# What is this finished product called?



## jessicacarr (Mar 25, 2011)

Please read everything I did and tell me, if you know, what the finnished product is.
In a skillet over medium-low heat, I cooked/sauteed tomatoes and onions which where seasoned with salt and pepper.  Once they were pretty soft I let them cool a bit then pureed it all, veggies and oily juice and all, in the food processor.  
What is that finished pureed product called?  If it is some common household term, I will feel silly, of course.  But I am wondering if it is called something a little different.
Anyhow...
Thanks!


----------



## Andy M. (Mar 25, 2011)

Tomato puree with onion.  Were you thinking something different?


----------



## jessicacarr (Mar 25, 2011)

Andy M. said:


> Tomato puree with onion.

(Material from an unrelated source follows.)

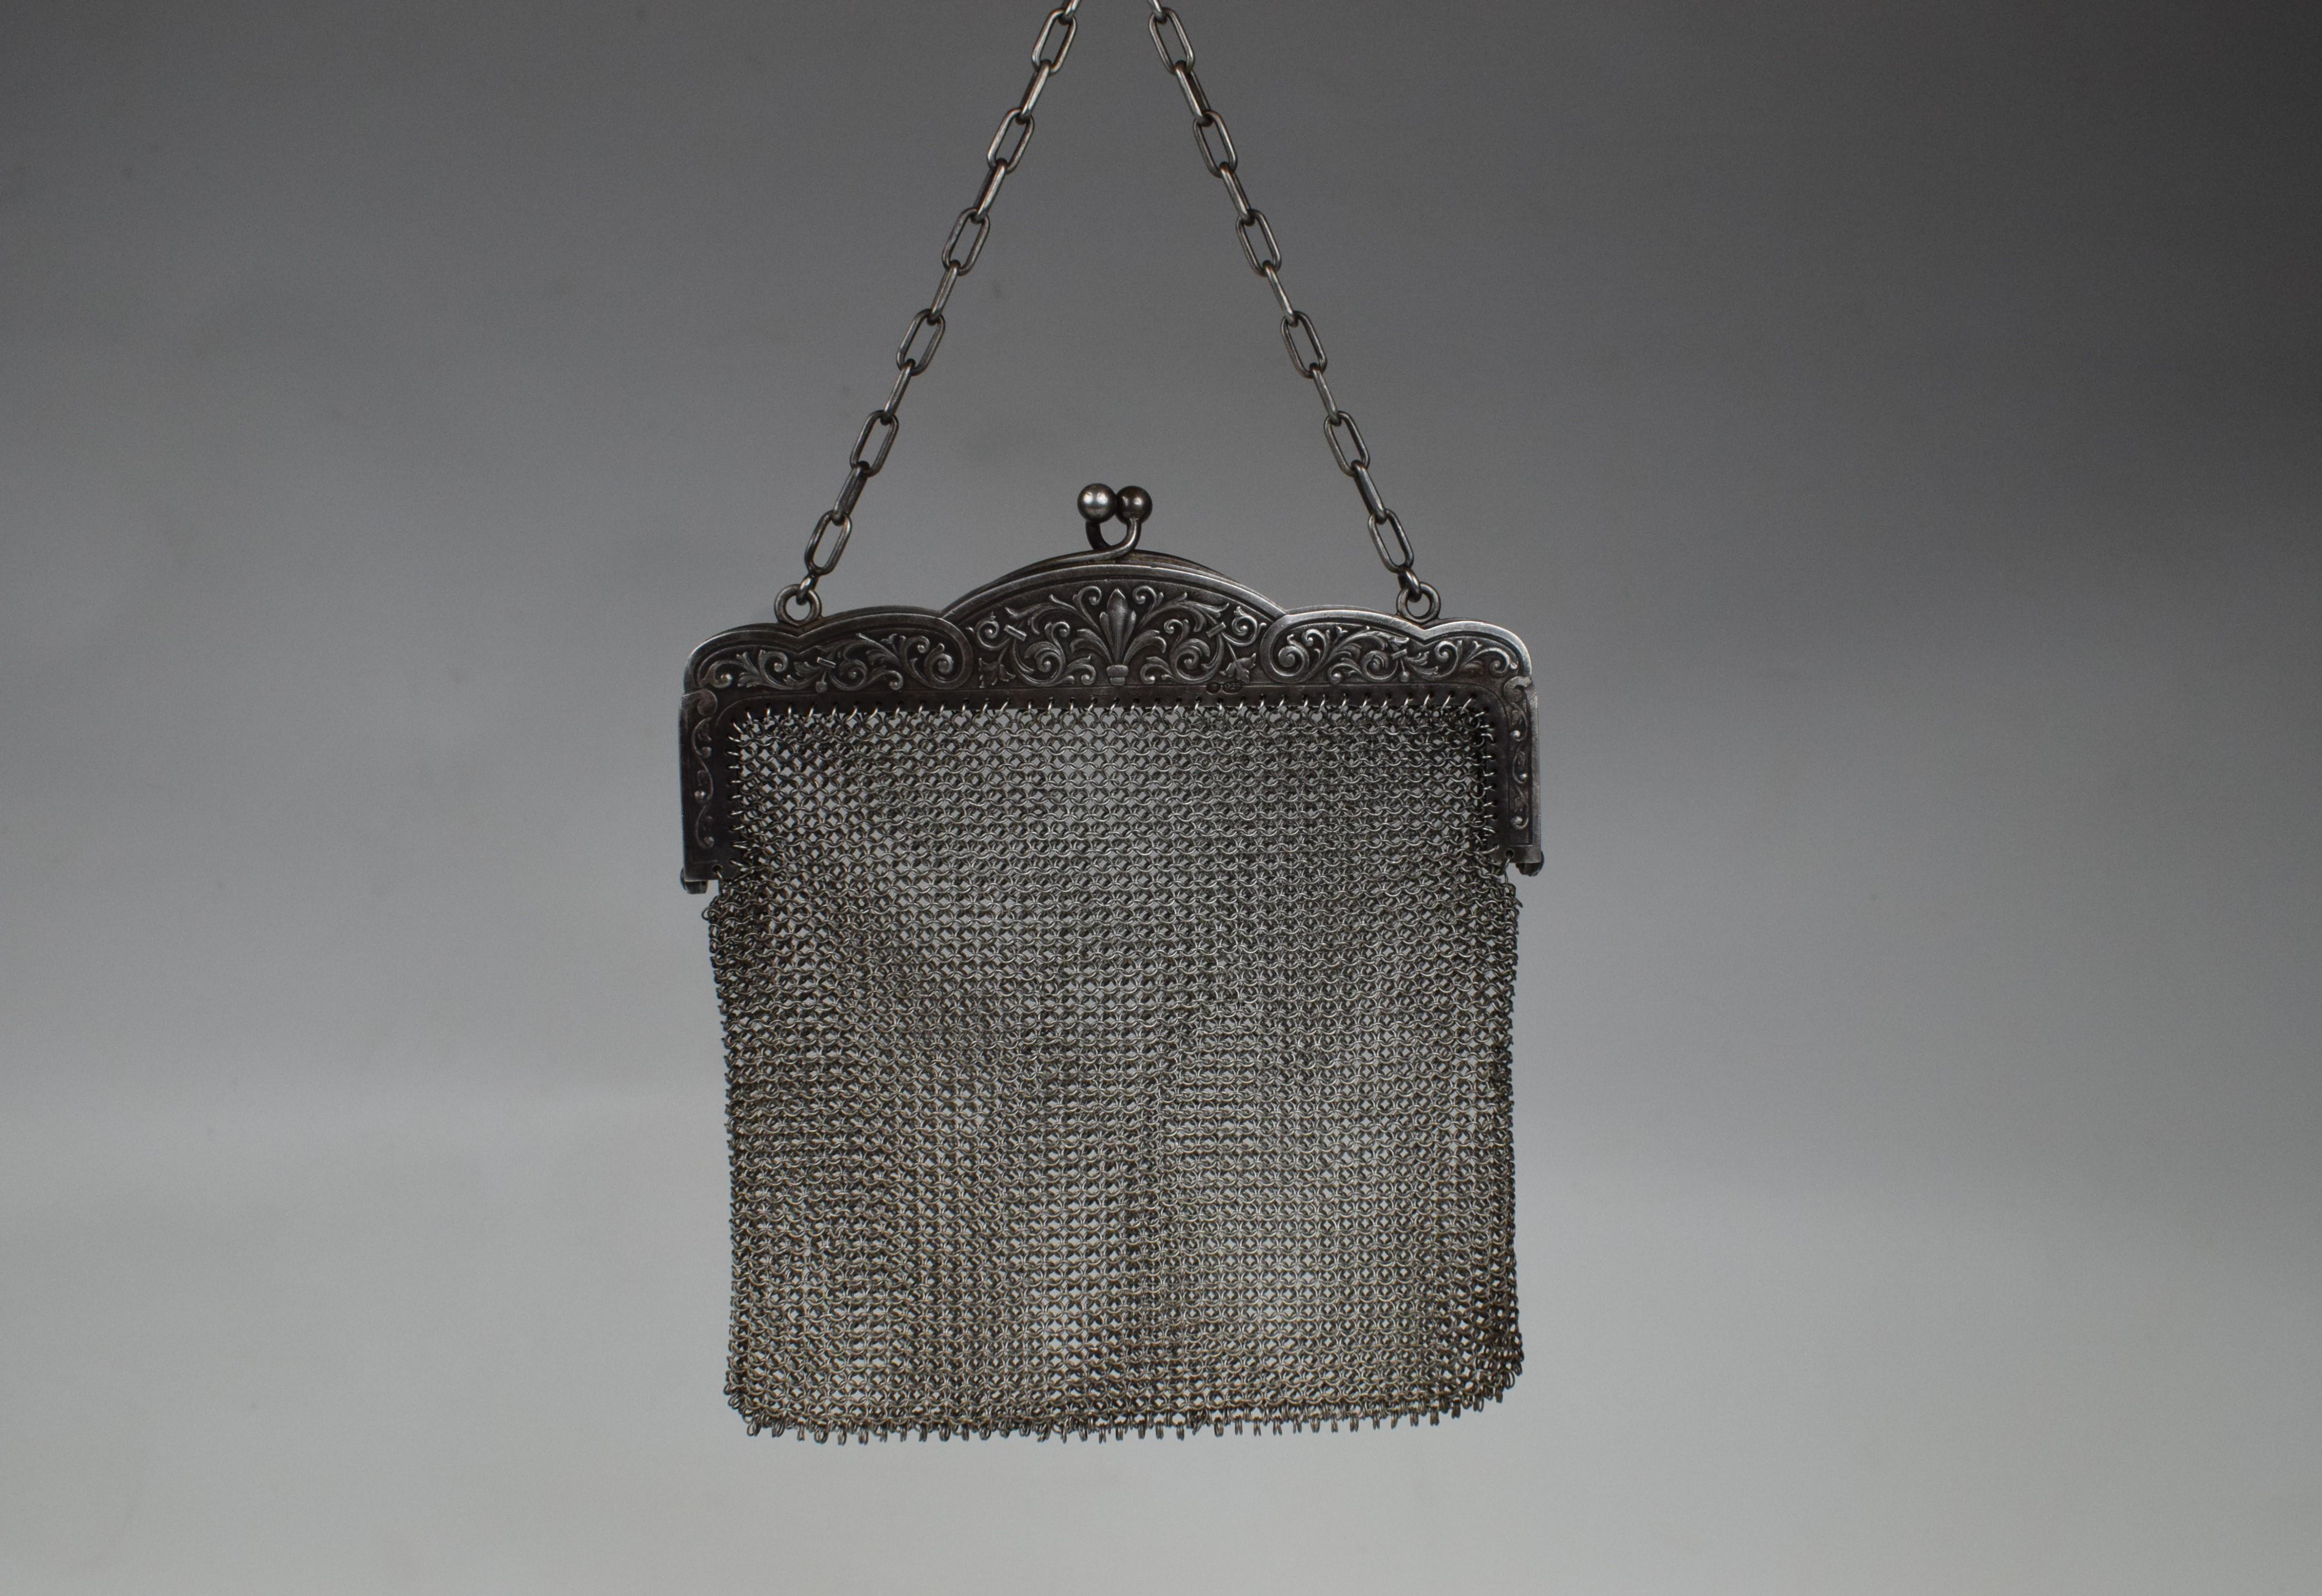 The silver chainmail purse is a stunning and luxurious accessory that embodies the opulence and craftsmanship of the era. This purse is a fine example of the Victorian obsession with intricate details and the use of precious materials.
The purse is

Were you thinking something different?


 
I wasn't thinking anything specifically different.  However, some simple foods often have a somewhat common other (and sometimes foriegn) name to them.  For example, garlic mayo is also called in the native Italian form...aioli.  And somehow, I was thinking there might be another name for these tomatoes pureed.


----------



## Andy M. (Mar 25, 2011)

Nothing comes immediately to mind.  Someone else may have an idea.


----------



## jessicacarr (Mar 25, 2011)

Andy M. said:


> Nothing comes immediately to mind. Someone else may have an idea.


 
You have always seemed pretty knowledgeable, so if you aren't thinking of it...it probably isn't there.  lol.  If anyone does know anything though...feel free to enlighten us! 

Thanks alot Andy


----------



## 4meandthem (Mar 25, 2011)

Sugar free catsup?........j/k


----------



## Rocklobster (Mar 25, 2011)

Oh. That is called Pomodorioni.

I'm lying. I just made that word up.....did you believe me for a second? .nyuk nyuk.


----------



## joesfolk (Mar 25, 2011)

I would just call it a sauce.  Or maybe some of our Italian friends might call it a gravy.


----------



## Bolas De Fraile (Mar 26, 2011)

Sofrito de Tomate or fried tomato sauce


----------